(Information supplied begins)

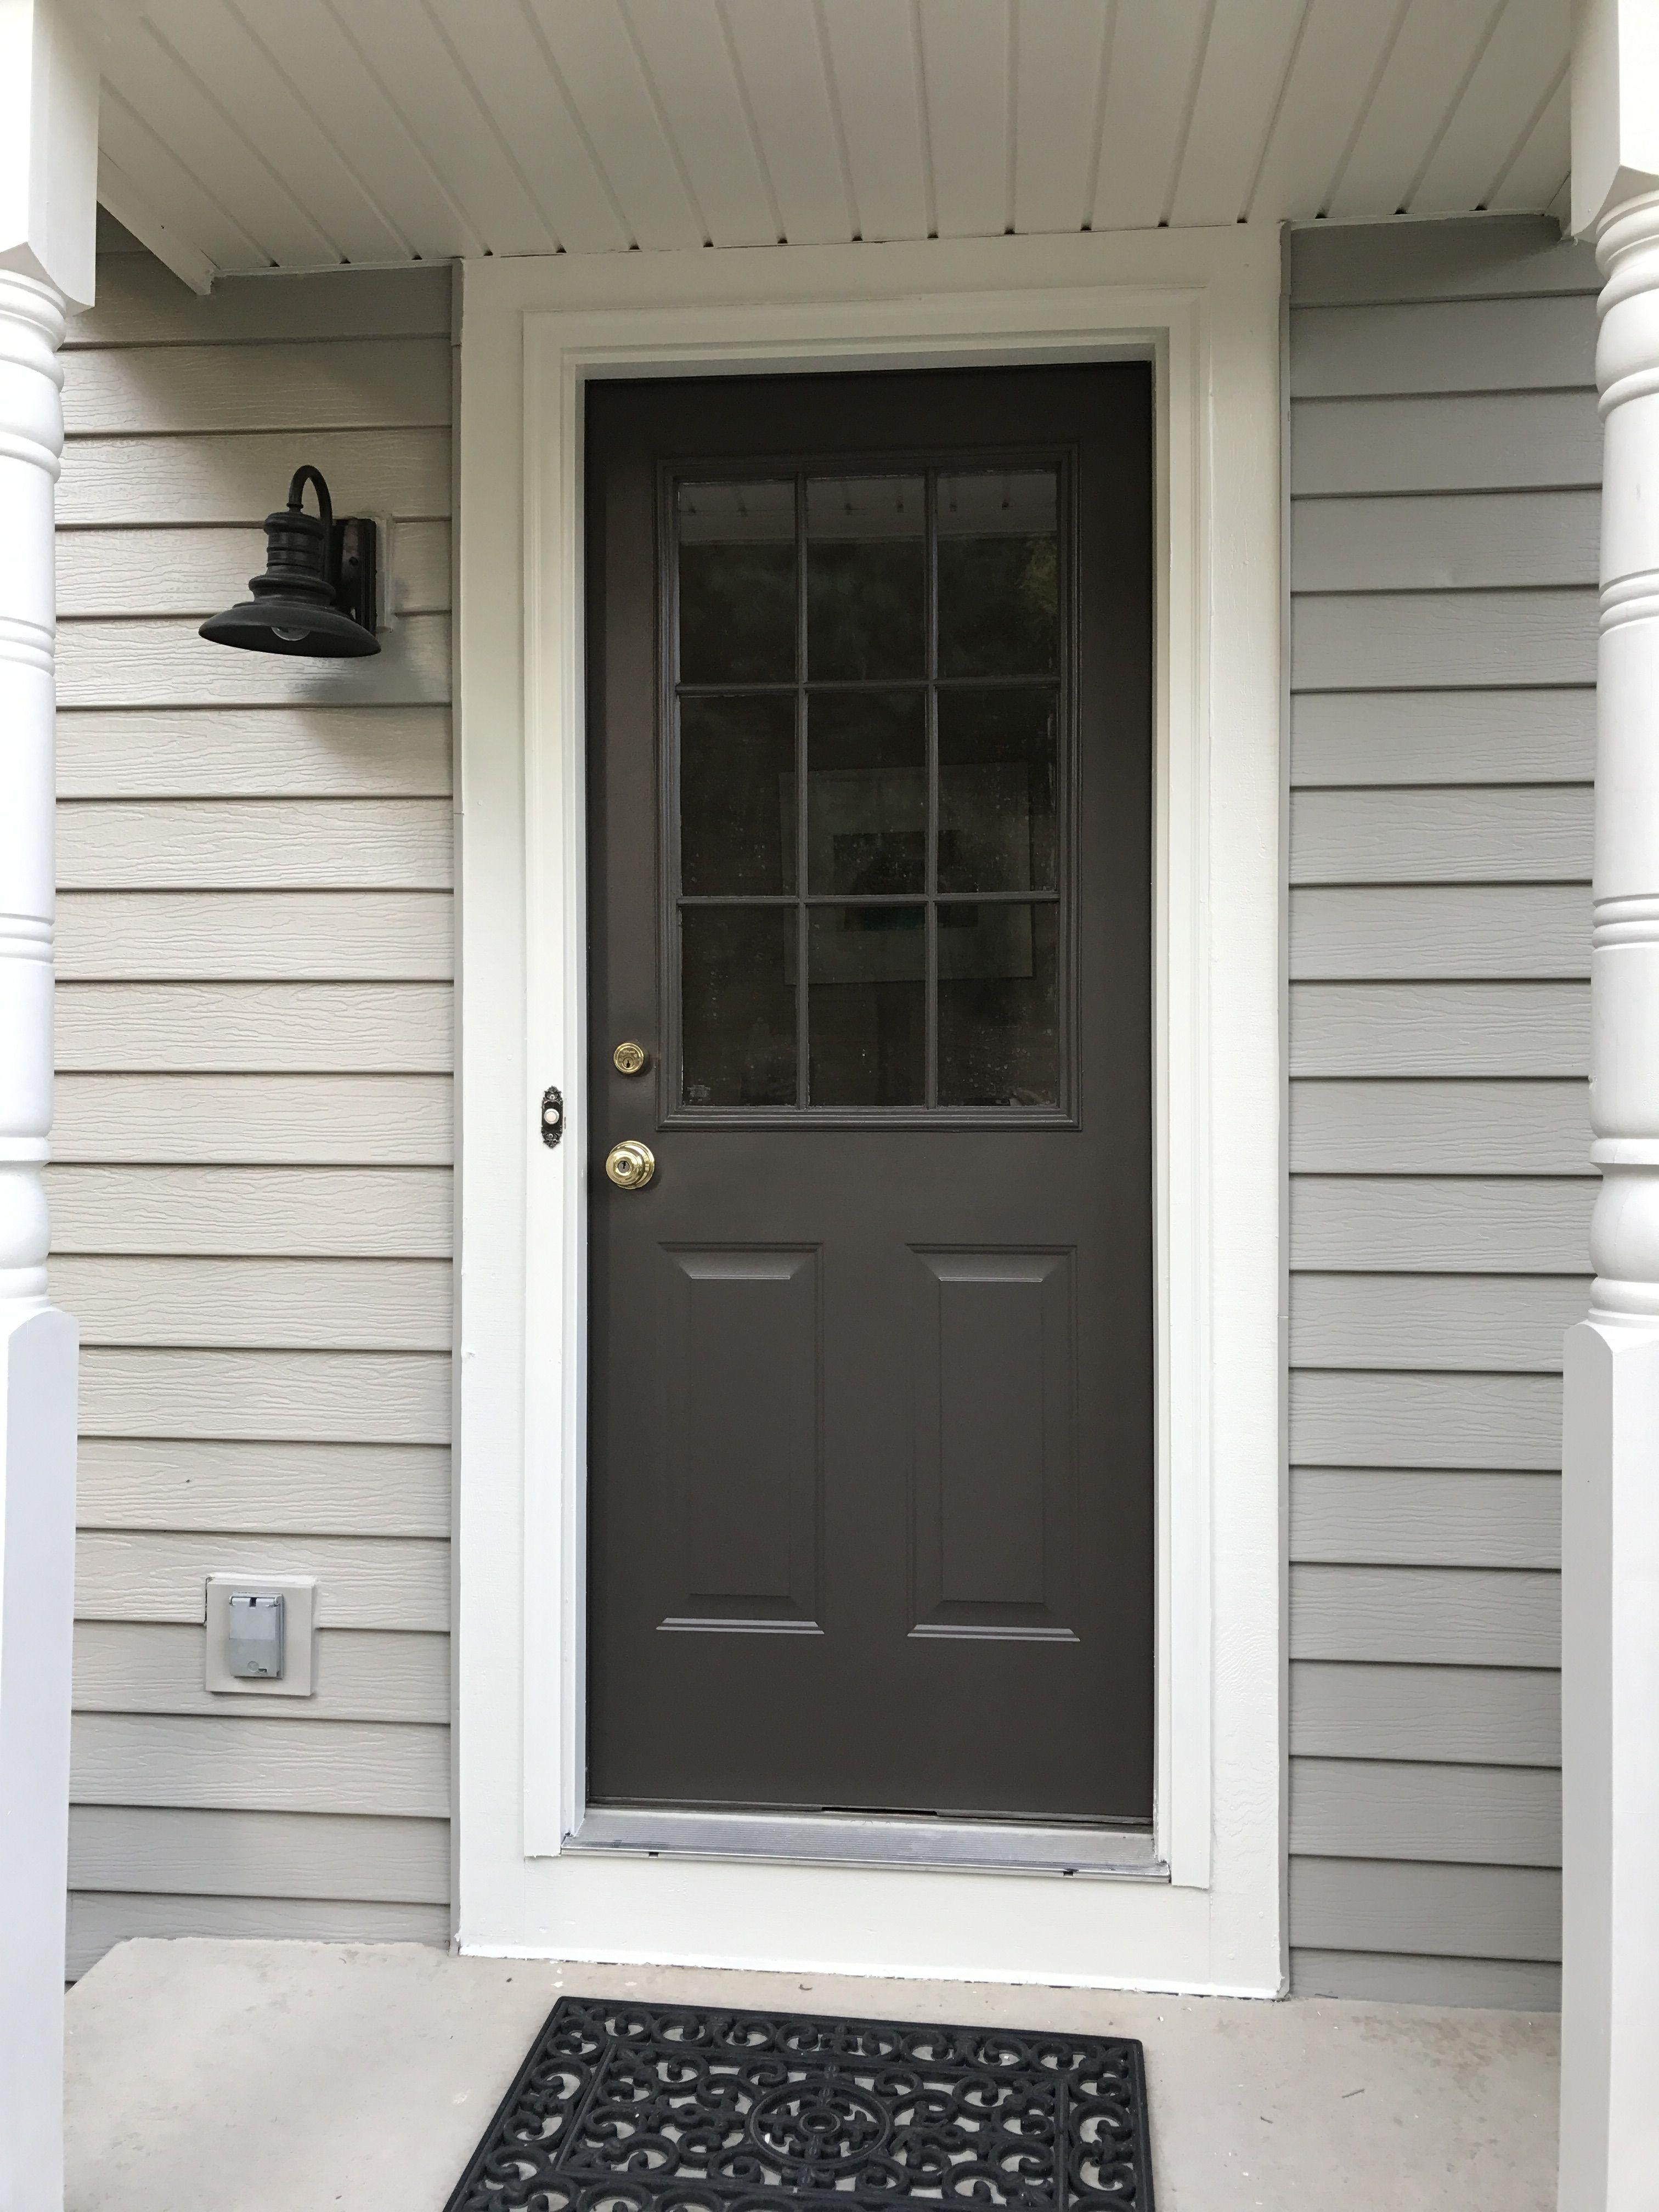 Door Sw Black Fox 7020 Siding Sw Dorian Gray 7017 Trim Sw Pearly White Exterior Door Colors Black Exterior Doors Gray House Exterior
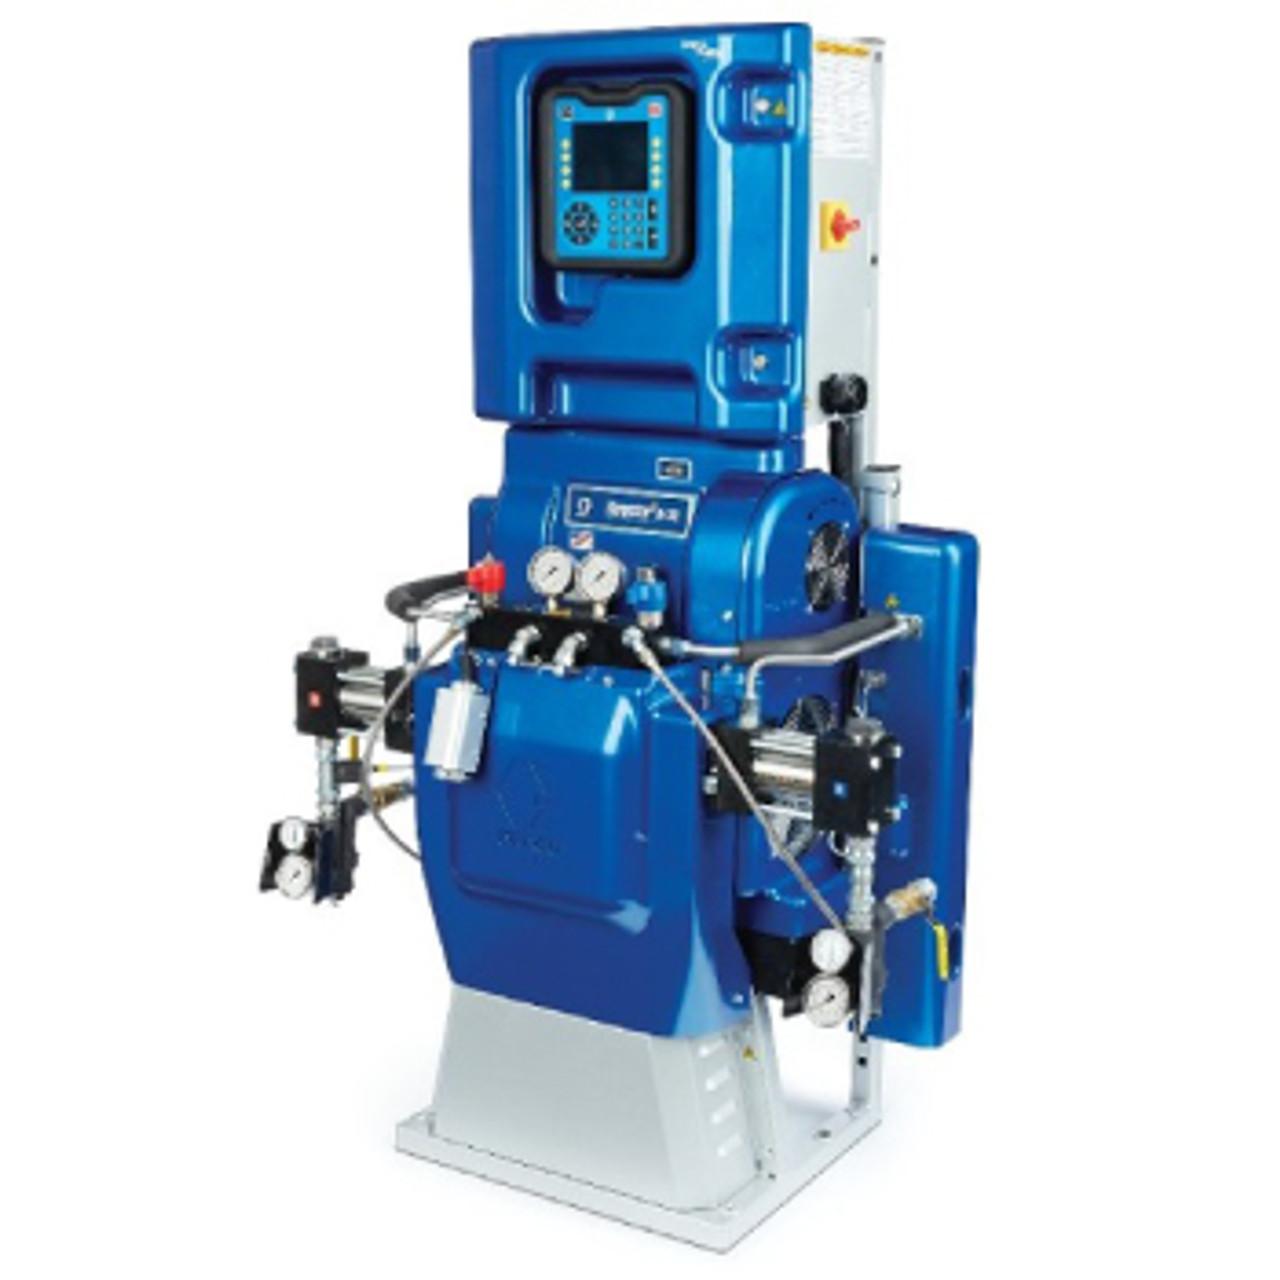 Graco Hydraulic Reactor 2 H-XP2
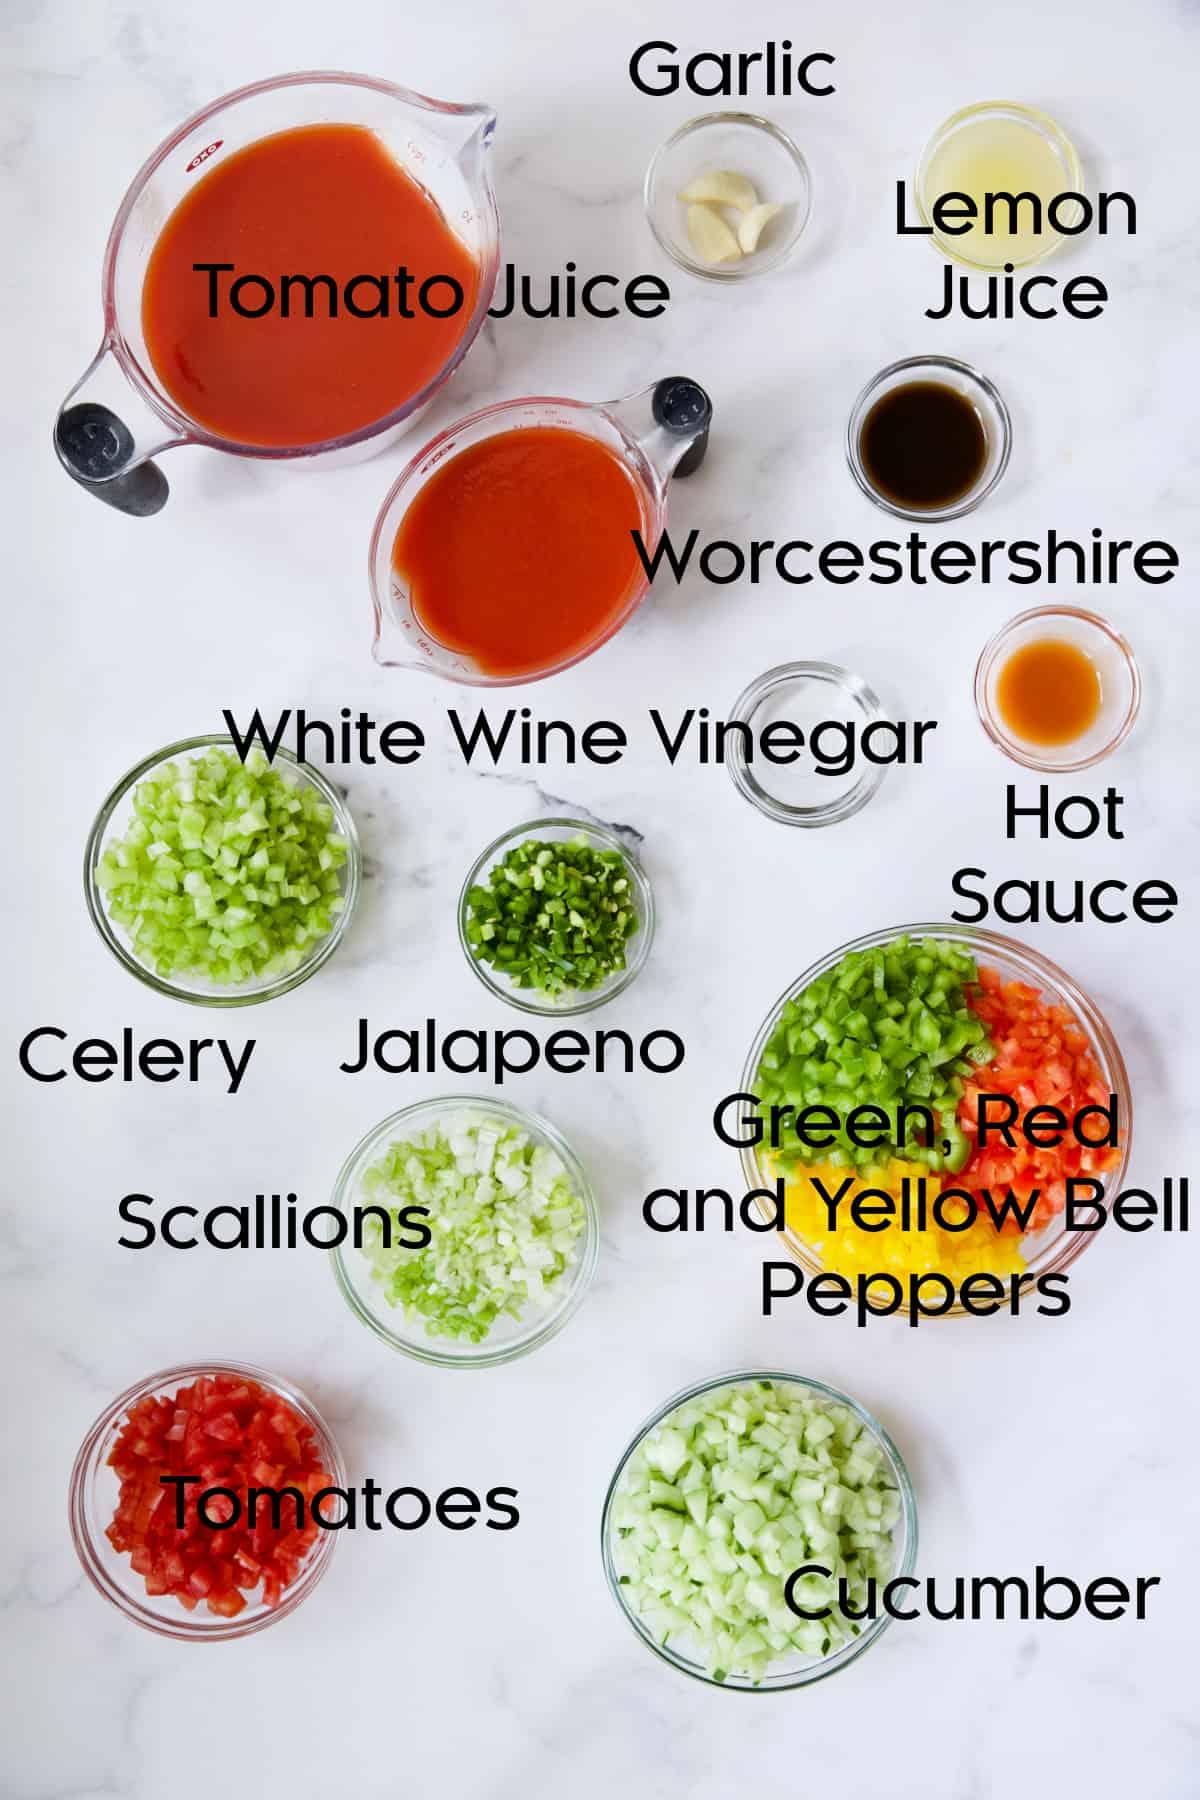 Ingredients for Very Veggie Gazpacho in glass bowls.

(Information supplied ends)

Prompt: Give the data again exactly, without pictures.

Exercise solution:
 Door Sw Black Fox 7020 Siding Sw Dorian Gray 7017 Trim Sw Pearly White Exterior Door Colors Black Exterior Doors Gray House Exterior
 Graco Hydraulic Reactor 2 H-XP2
 Ingredients for Very Veggie Gazpacho in glass bowls.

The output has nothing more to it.